Lexamen électromyographique est lié à la gravité de la maladie et à son évolution Au cours de la phase aiguë (moins de 2 semaines après la maladie), le potentiel dunité motrice est souvent réduit, lamplitude est réduite, la vitesse de conduction nerveuse motrice est normale et certaines peuvent avoir une durée de latence prolongée, mais souvent. L'extension de latence de l'onde F (conduction motrice proximale) ou la disparition de la forme d'onde peuvent également être mesurées par le potentiel évoqué moteur (PEM), afin de comprendre le degré d'endommagement des racines nerveuses proximales et des nerfs périphériques, le taux anormal peut atteindre 74,1%, apparaître progressivement après 2 semaines Le potentiel de dénervation (comme la fibrillation et / ou les ondes pointues positives), lorsque la progression de la maladie entre dans la période de rétablissement ou plus tard, on peut voir que le potentiel multiphasé augmente, qu'un potentiel faible d'unité motrice (potentiel néonatal) apparaît et que la vitesse de conduction du nerf moteur est souvent ralentie. et la latence terminale est prolongée et la vitesse de conduction nerveuse sensorielle peut également être ralentie.

Diagnostic

Diagnostic et identification du syndrome de Guillain-Barré

Critères de diagnostic

En 1993, le comité de rédaction du Chinese Journal of Neuropsychiatry a défini les critères de diagnostic du SGB en Chine, en se référant à des données internationales, présentant généralement des symptômes d'infection des voies respiratoires supérieures ou gastro-intestinales avant la maladie et évoluant rapidement vers les membres inférieurs après une à deux semaines. Les spasmes neuronaux, les cas graves de paralysie médullaire et les spasmes des muscles respiratoires doivent être pris en compte.

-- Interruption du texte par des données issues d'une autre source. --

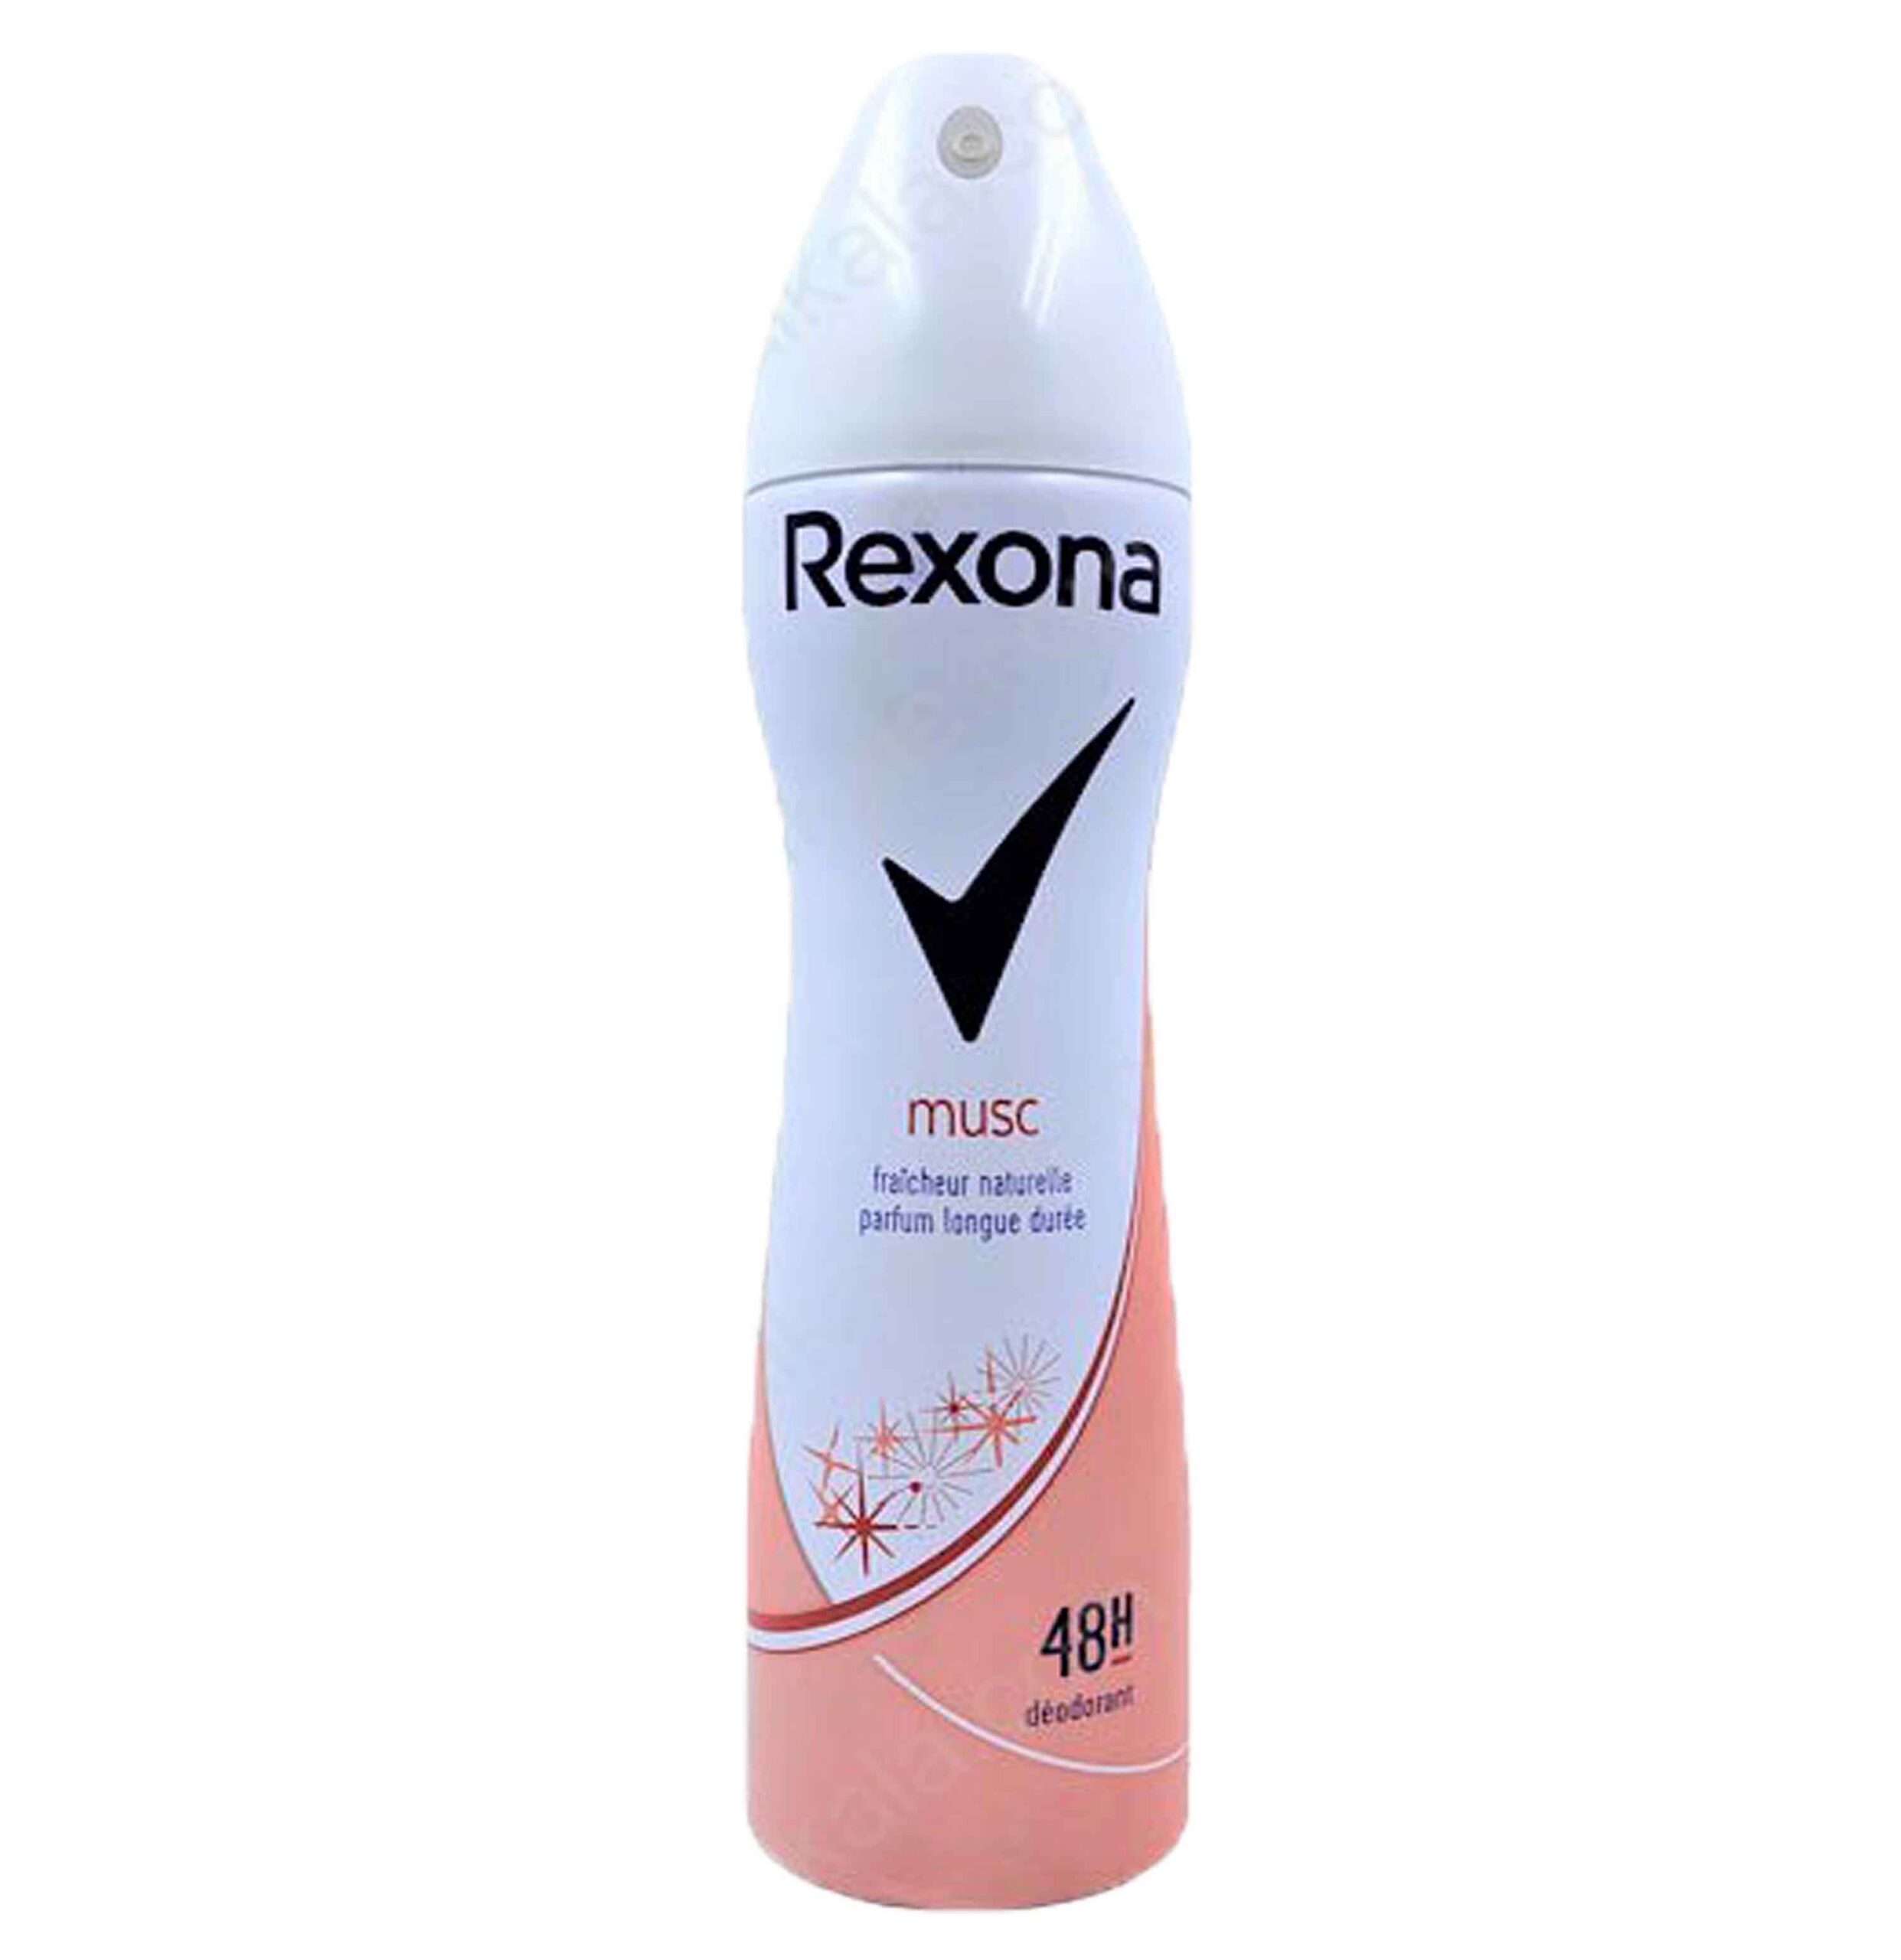 اسپری رکسونا زنانه مدل ماسک Rexona Musc  حجم 200 میل-فروشگاه اینترنتی آرایشی بهداشتی آزارو

Si le LCR est séparé par des cellules protéiques, un examen électrophysiologique des membres sacraux suggère que les lésions nerveuses proximales ou distales du tronc nerveux périphérique sont plus utiles pour confirmer le diagnostic.

Diagnostic différentiel

1. Lors de l'apparition de la polio, la fièvre augmente, les spasmes musculaires sont segmentés et l'asymétrie, aucun trouble sensoriel, le nombre de globules blancs dans le liquide céphalo-rachidien augmente souvent.

2. Bien que la myélite aiguë soit également une paralysie flasque dans la phase aiguë, elle présente souvent des signes de tractus pyramidal et des perturbations sensorielles transverses, et un dysfonctionnement du sphincter est plus évident, les protéines du liquide céphalo-rachidien et les cellules sont légèrement augmentées ou normales.

3. Paralysie périodique (paralysie périodique) Début aigue, peut être une paralysie flasque symétrique des membres, quelques cas peuvent également avoir une paralysie des muscles respiratoires, mais souvent des taux de potassium sérique et de faibles changements électrocardiogramme de potassium, cours de courte durée, après la supplémentation en potassium Peut être restauré rapidement, plus de quelques heures à 3 à 4 jours pour guérir.

Une attention particulière devrait être portée à l'identification de la neuropathie périphérique multiple toxique aiguë et de la neuropathie périphérique multiple cancéreuse provoquée par le plomb et l'arsenic.